- [Exercise] The pictures in the data below are to be omitted; all else must be duplicated exactly.

- [Information supplied]
::::::::

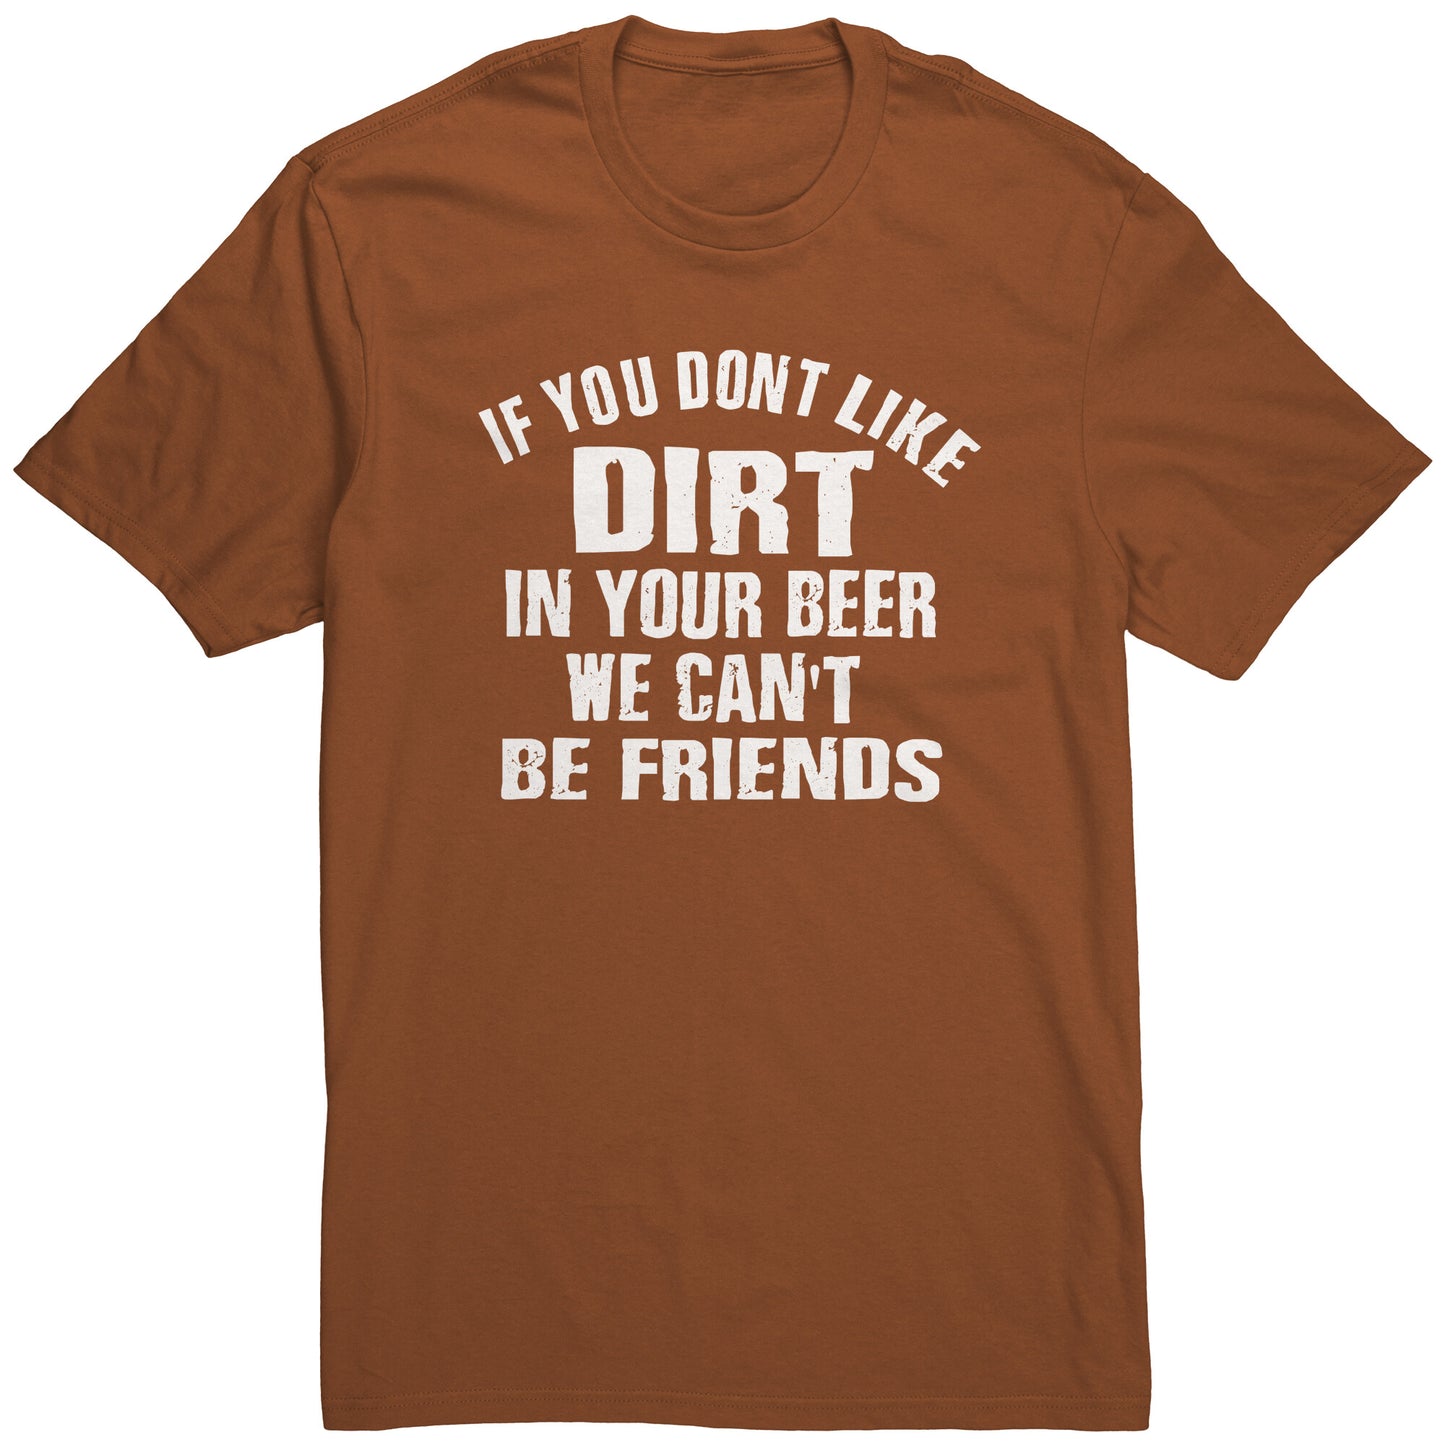 IF YOU DON'T LIKE DIRT IN YOUR BEER WE CAN'T BE FRIENDS MEN'S T-SHIRT
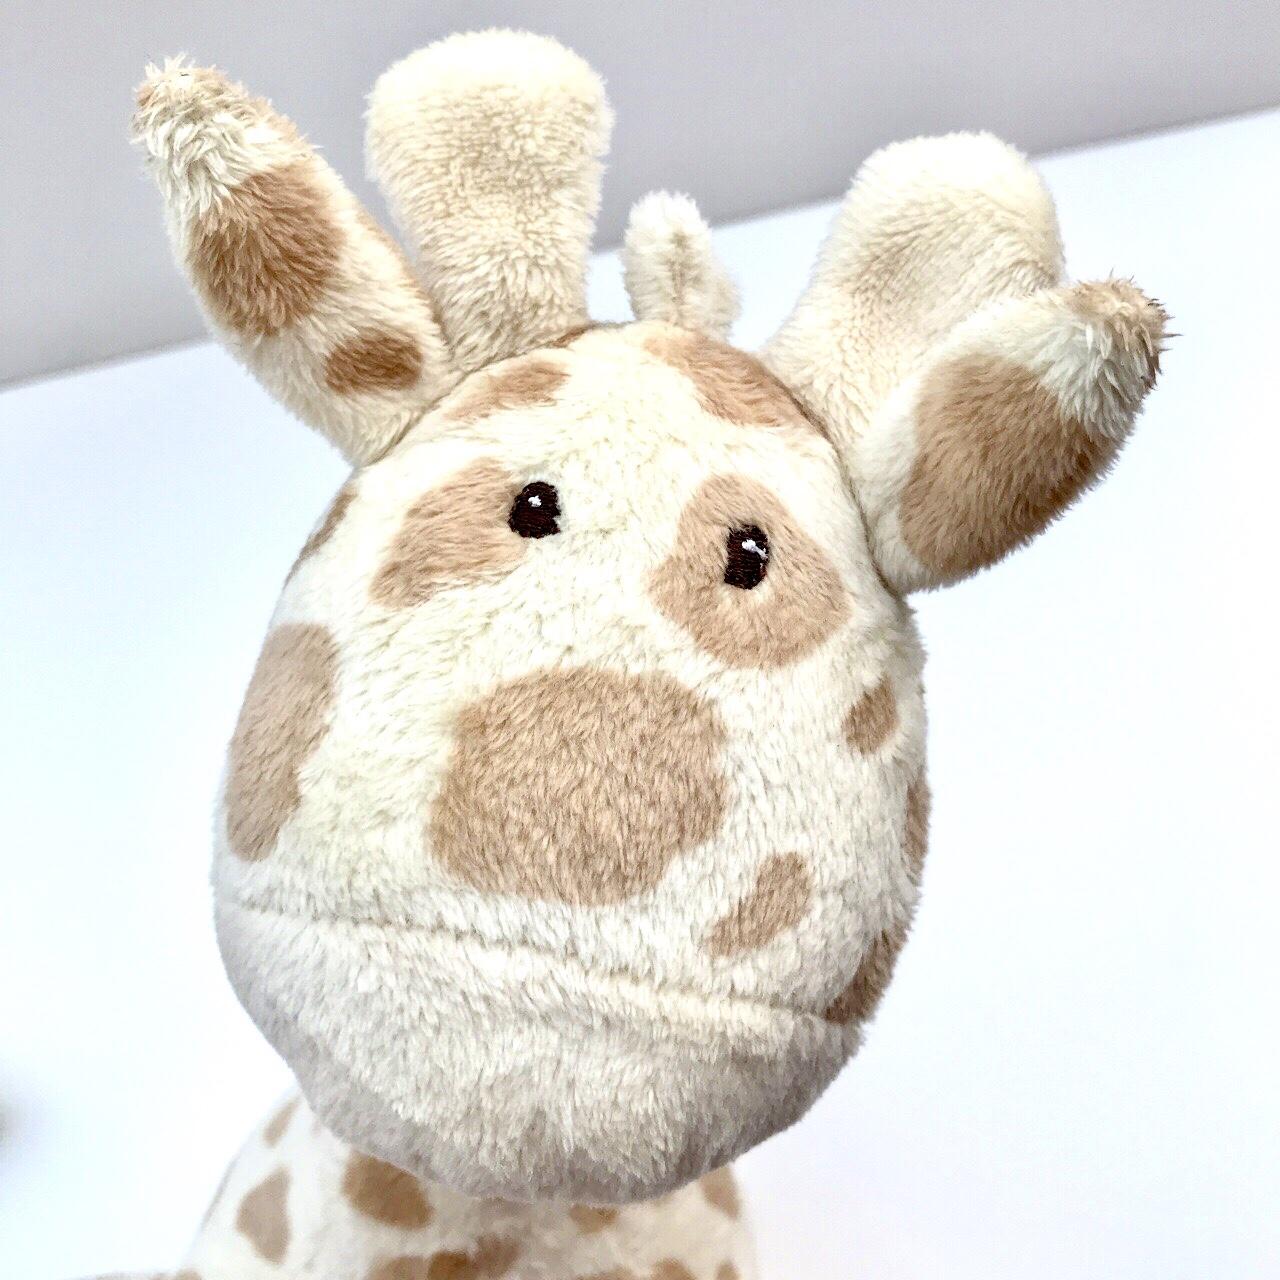 Giraffe Soft Toy, M&S Collection
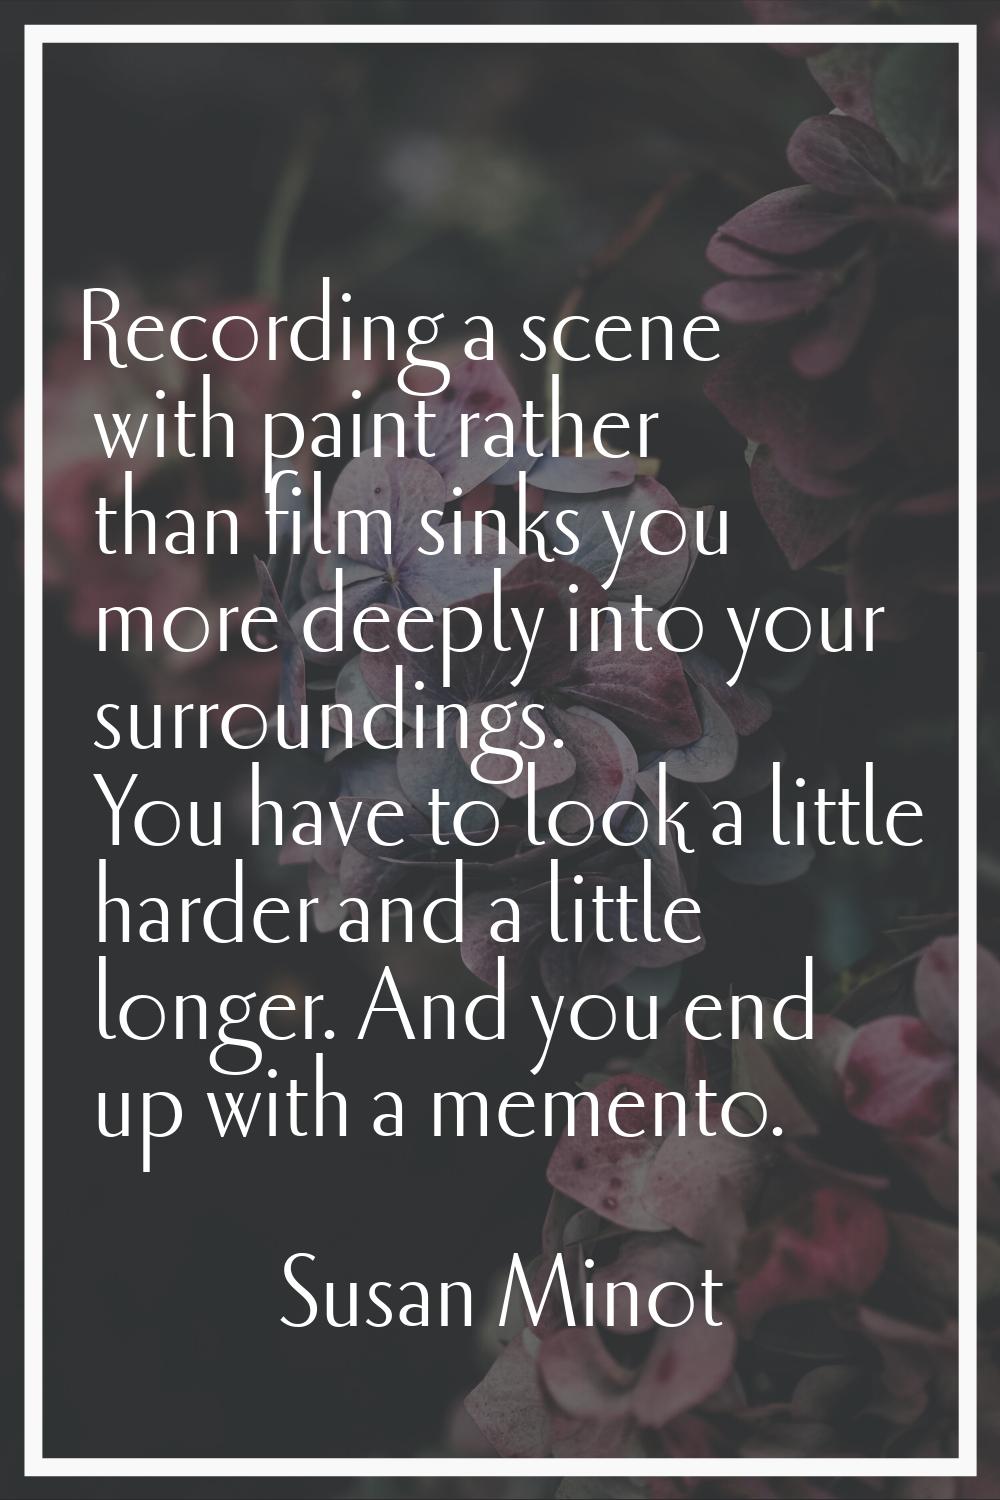 Recording a scene with paint rather than film sinks you more deeply into your surroundings. You hav

::::::::

- [The answer]
 IF YOU DON'T LIKE DIRT IN YOUR BEER WE CAN'T BE FRIENDS MEN'S T-SHIRT
 Giraffe Soft Toy, M&S Collection
 Recording a scene with paint rather than film sinks you more deeply into your surroundings. You hav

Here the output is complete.